With the pictures excluded, reproduce all of the data exactly.

▶ _Collected material_
──────

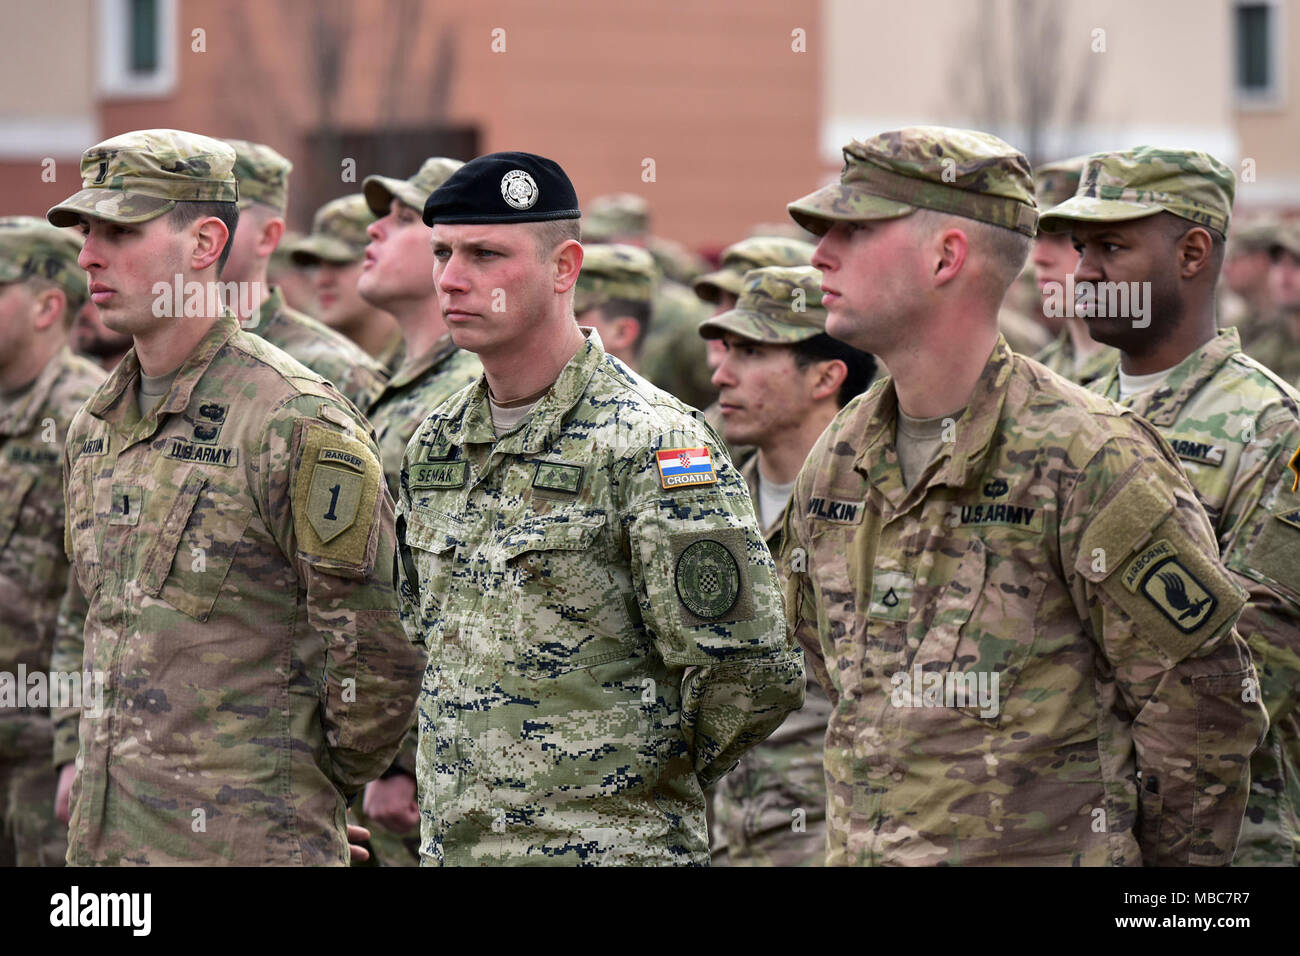 U.S. Army Soldiers and a Croatian Army Soldier stand in formation during the Expert Infantryman Badge (EIB) ceremony at Caserma Del Din, Vicenza, Italy, 15 Feb. 2018. (U.S. Army Stock Photo
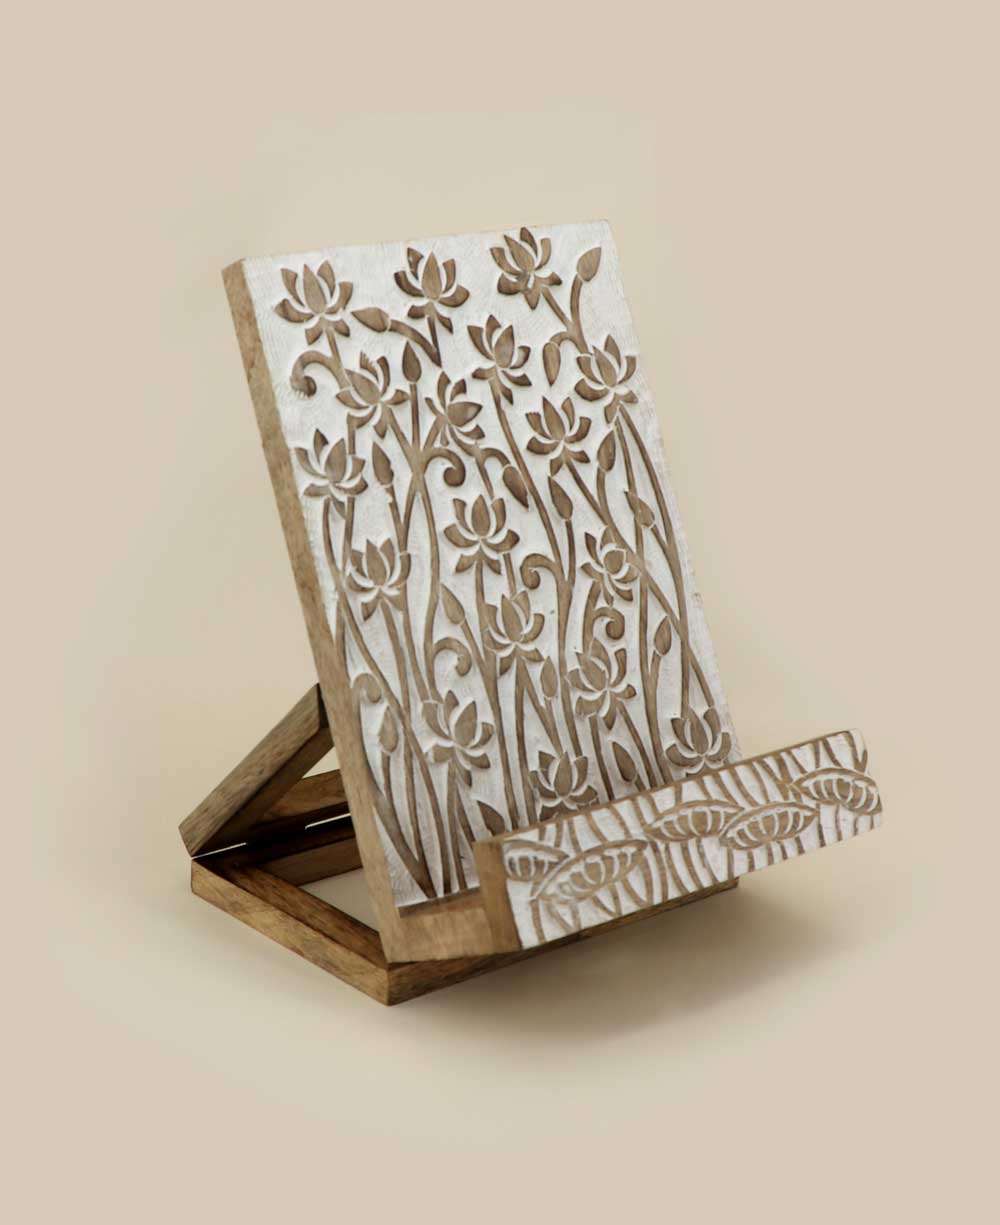 Silver Design Incense Holder - Fair Trade & Sustainable at One
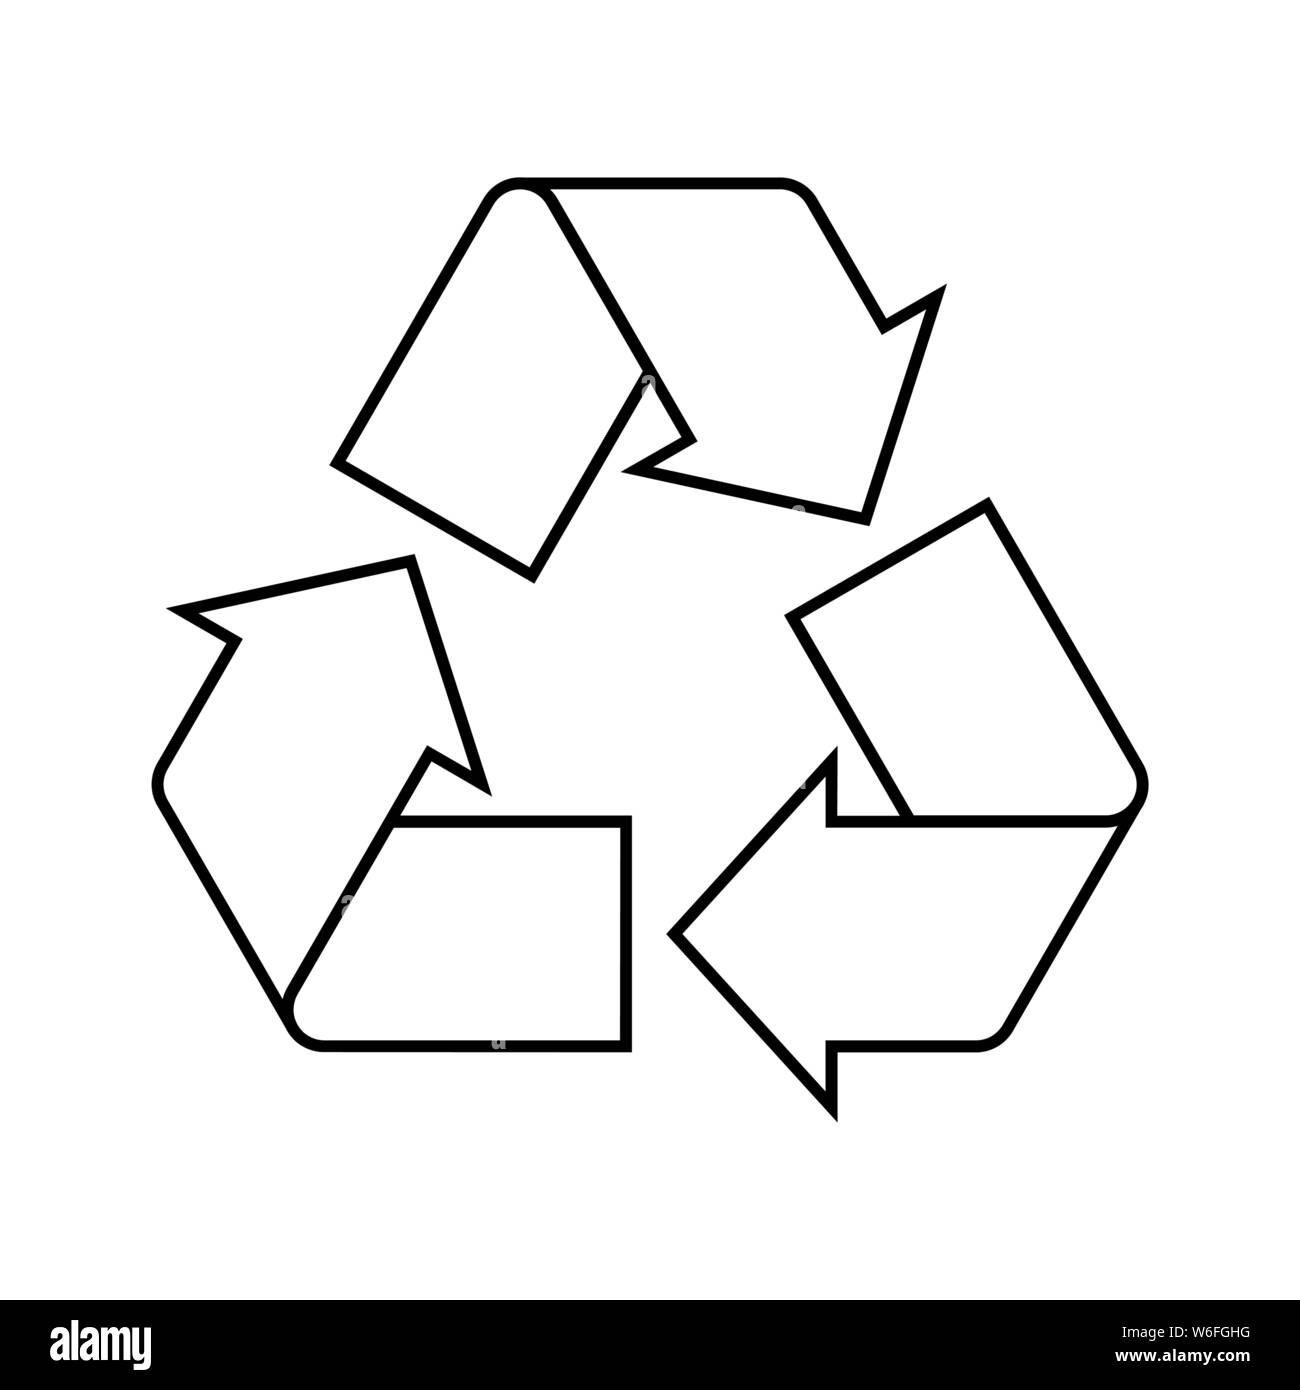 Simple black recycle sign outline. Linear recycle symbol, icon or logo on white background. Label for recyclable products. Reduce reuse recycle.Vector Stock Vector

──────

▶ _Answer section_
 U.S. Army Soldiers and a Croatian Army Soldier stand in formation during the Expert Infantryman Badge (EIB) ceremony at Caserma Del Din, Vicenza, Italy, 15 Feb. 2018. (U.S. Army Stock Photo
 Silver Design Incense Holder - Fair Trade & Sustainable at One
 Simple black recycle sign outline. Linear recycle symbol, icon or logo on white background. Label for recyclable products. Reduce reuse recycle.Vector Stock Vector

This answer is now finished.